Wednesday, May 15, 2013

Wibbly-wobbly, Returny-wurny | Lessons on Social Media from Doctor Who

In 1963 a children's show was created in the UK. It was meant to be an educational show, a show that would transport its audience through time to the past to witness the Aztecs or Ancient Rome. It was marginally successful until someone decided that while the characters were traveling through Time, they could also be travelling through Space. The show, Doctor Who, celebrates its 50th anniversary this year and is more popular than ever. But it wasn't a smooth ride at all.

For the first years of its life, the show was popular with children (and their adults) as a sci-fi show, with evil baddies, ambiguous morality lessons and a charismatic, mercurial lead, The Doctor. In the 1980s the BBC leadership was absolutely dedicated to killing the show, but fan pressure - now global through Public Television support for the show in America and Australia - brought it back from the grave, for a while, until the show was once again cancelled after the 7th Doctor played his last spoon....

...Only Doctor Who didn't die. Bizarrely, it was picked up by an American television network, which of course focused on all the wrong things, and annoyed the British fans no end ("The American Movie" is how the 8th Doctor's tenure is known among fans.) But it did something unheard of. 40 years old and the show hadn't died. Like a Monty Python character, it kept reassuring us "It wasn't dead yet." And fandom hadn't moved on. With a body of episodes in the hundreds, still showing on Public TV, then reluctantly released by the BBC on VHS, the DVD, fandom wasn't dead.

And neither was the show.

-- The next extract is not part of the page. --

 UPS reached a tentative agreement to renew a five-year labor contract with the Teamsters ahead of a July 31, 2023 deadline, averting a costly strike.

In 2005 the famous blue box known as the TARDIS landed once again in the UK and it was alive, again. The "new" Doctor Who, which picked up with the 9th Doctor and has now made it to the 11th is more popular, more global  - and more financially lucrative than ever before.

So, what are the lessons we can learn from this story?

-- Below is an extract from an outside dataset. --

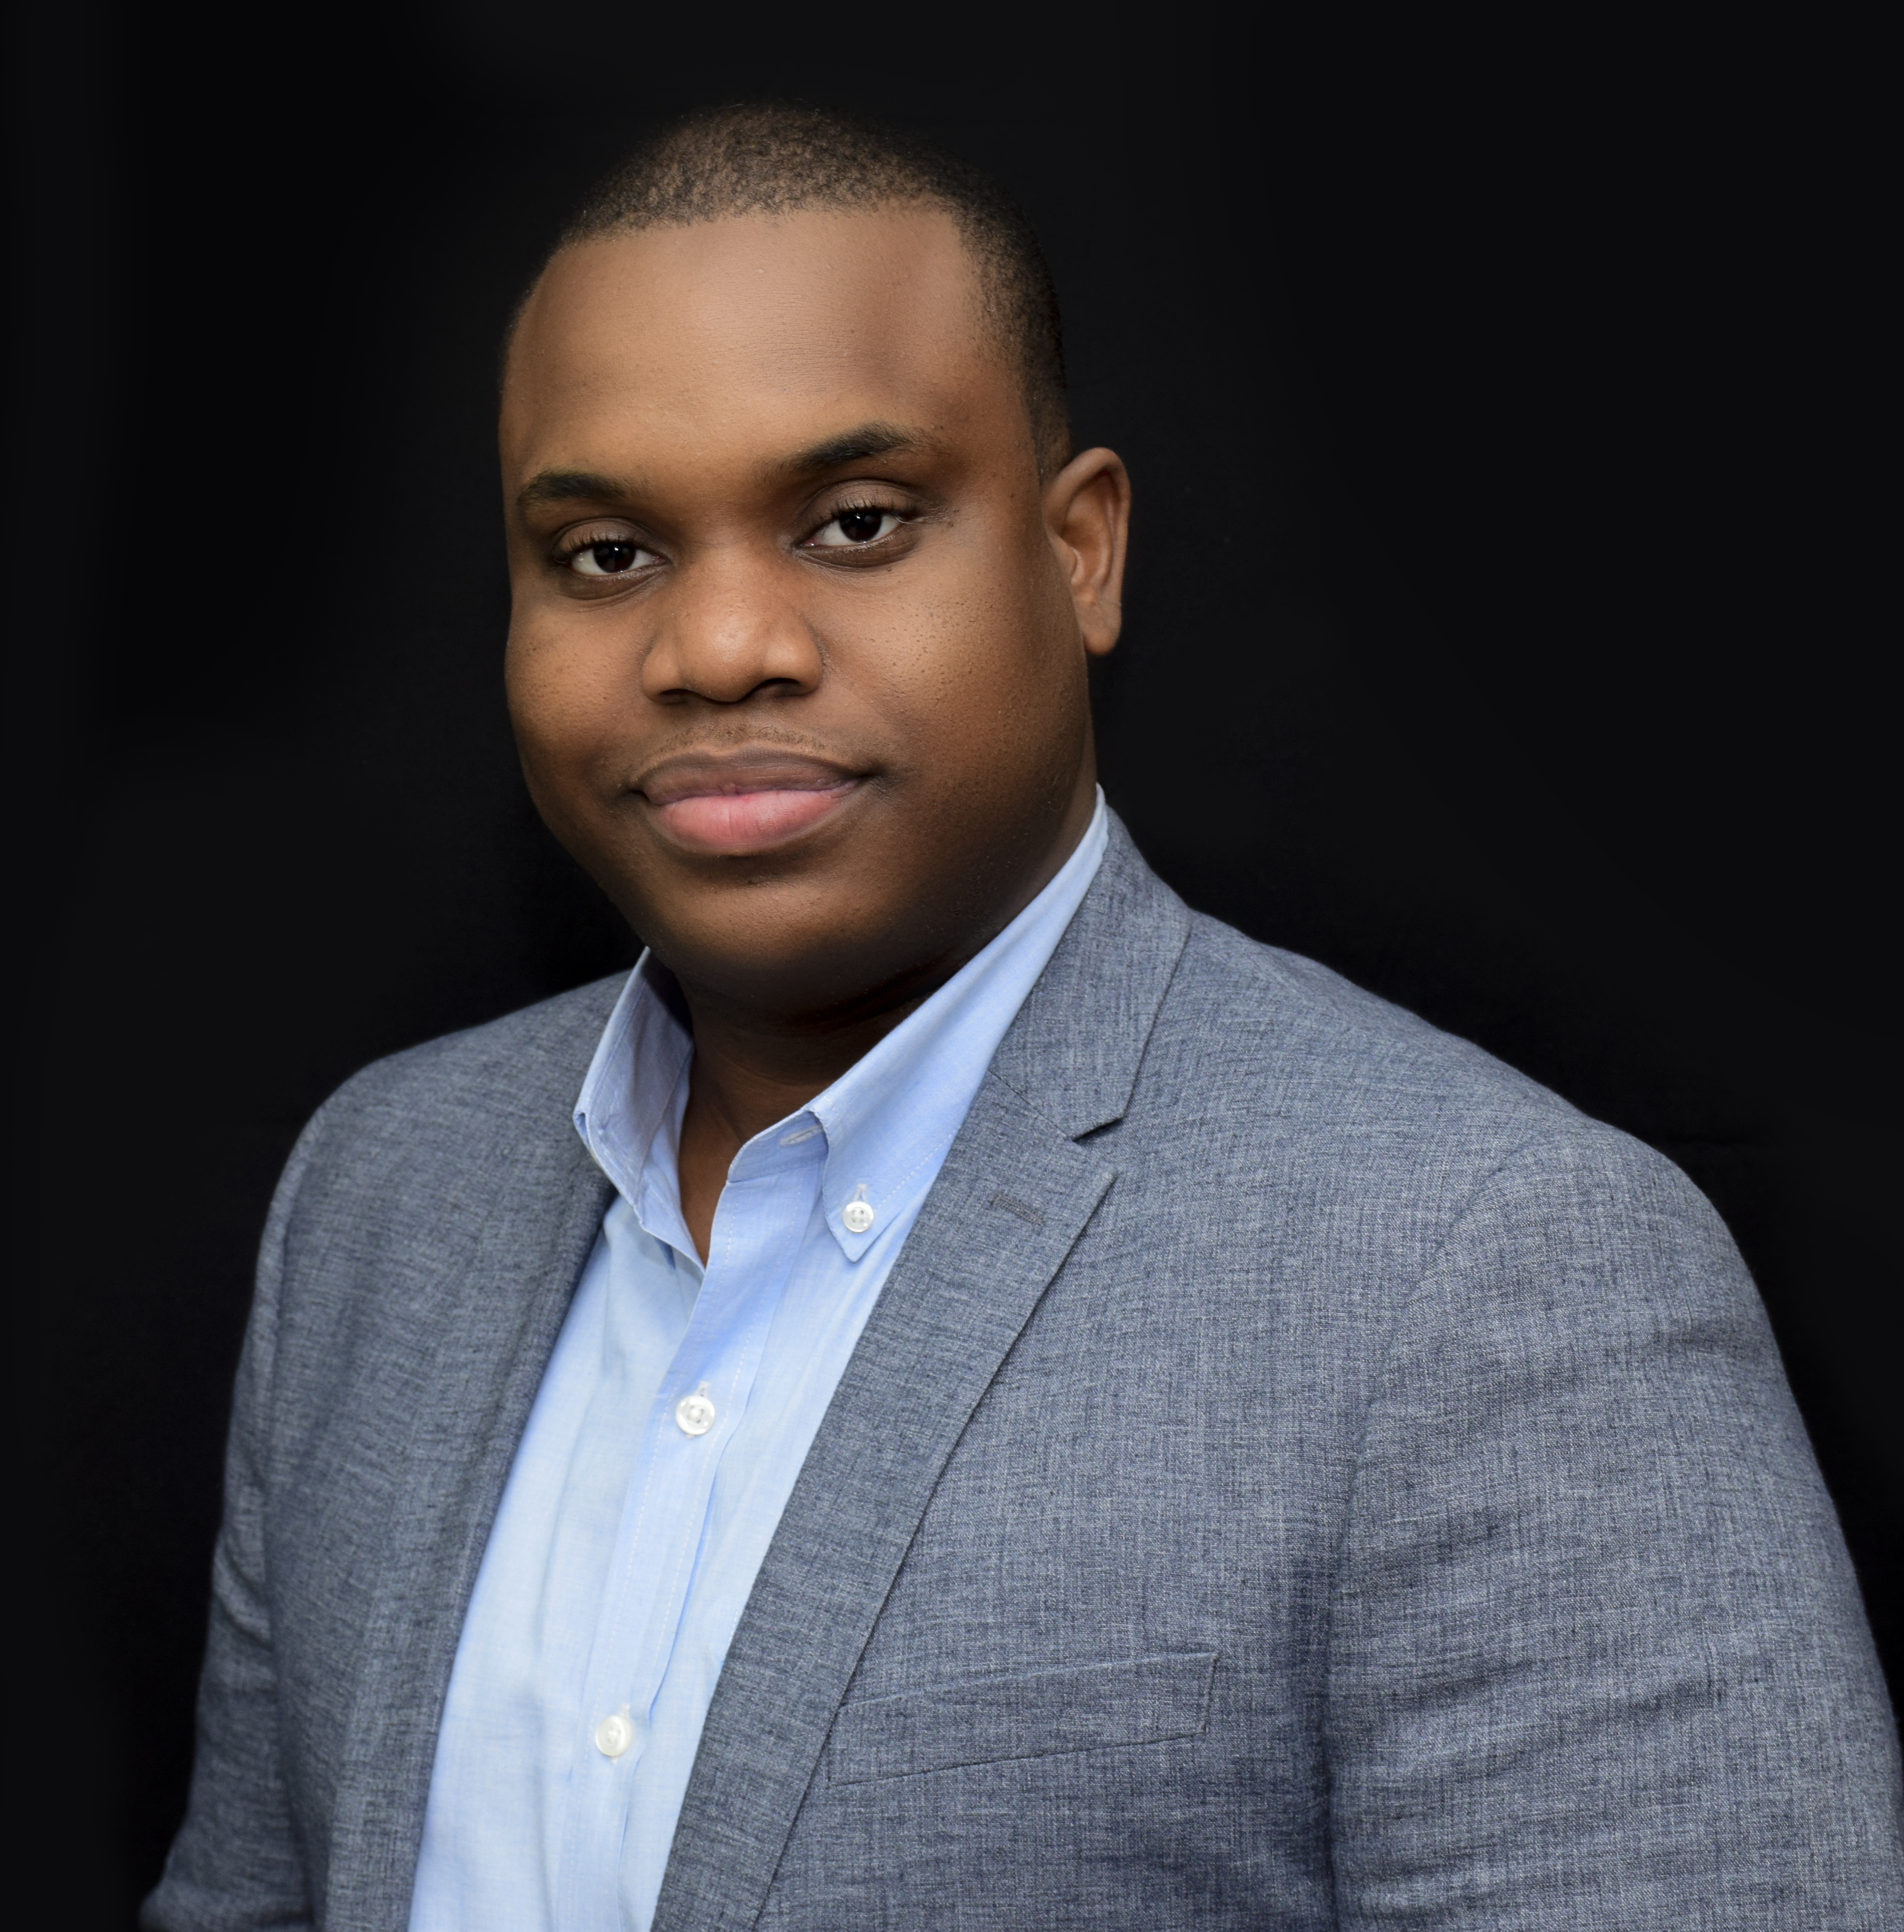 Meet Clifford Dessables From Focused Media - Offering Digital Marketing Services To Small Businesses

Return on Time - Perseverance isn't overrated

In the days before Venture Capital and Y Combinator, sometimes all you had to rely on was Time. Having a good idea five years too early can gut a company. But Apple proves the point - when a good idea takes time, perseverance, passion and a soupcon of delusional belief that you're right, playing the long game can lead to success.

Return on Investment - Throwing money at the problem works too

When the BBC demanded better ratings for the 7th Doctor, and they were competing with Star Trek: Next Generation for share of the TV Sci-fi watching audience, the creators of Doctor Who were in a bind. They scraped up more money and put on the most sophisticated show their budget would allow. In comparison with earlier seasons it was fantastic (despite that, the BBC was grumpy again, and they killed it anyway.) In 2005, the showrunners pulled out the stops and the re-launch of this iconic show was as good as anything else on TV. No plywood hallways, no two-set shows. Doctor Who was a big kid now. When you've strained to the edge of what you can do with Time, Investment pushes you to the next  level.

Return on Social is Wibbly-wobbly, Returny-wurny

The 10th Doctor famously stated, "Time is wibbly-wobbly timey-wimey." If there is a single lesson we can grok from The Doctor and his travels through our airspace and time, it's that Return on Social isn't a matter of simple eyeball formulas or likes or shares. In the days before the Internet, Doctor Who fandom created fanzines, wrote fiction, gathered together with friends on Saturday night to watch the show on Public Television, went to conventions to meet the actors. It has always been a social product. DW fandom were early adapters of online technology, expanding their contacts in fandom globally. When the new show launched, fandom was all ready for it. The network was built, ready and waiting. Virality wasn't an accident, it was 40 years in the making. And that is why the new show is popular. BBC and BBC America have made it more accessible, but the Internet does the rest.

Return on Social means a little push here, a nudge there, circle back and start again. When the formula doesn't work exactly as planned, passion and engagement can carry the project along. Superb execution pushes the boundaries and then back to the beginning yet again. Social is wibbly-wobbly, but if Doctor Who teaches us anything, it's that it can absolutely be returny-wurny.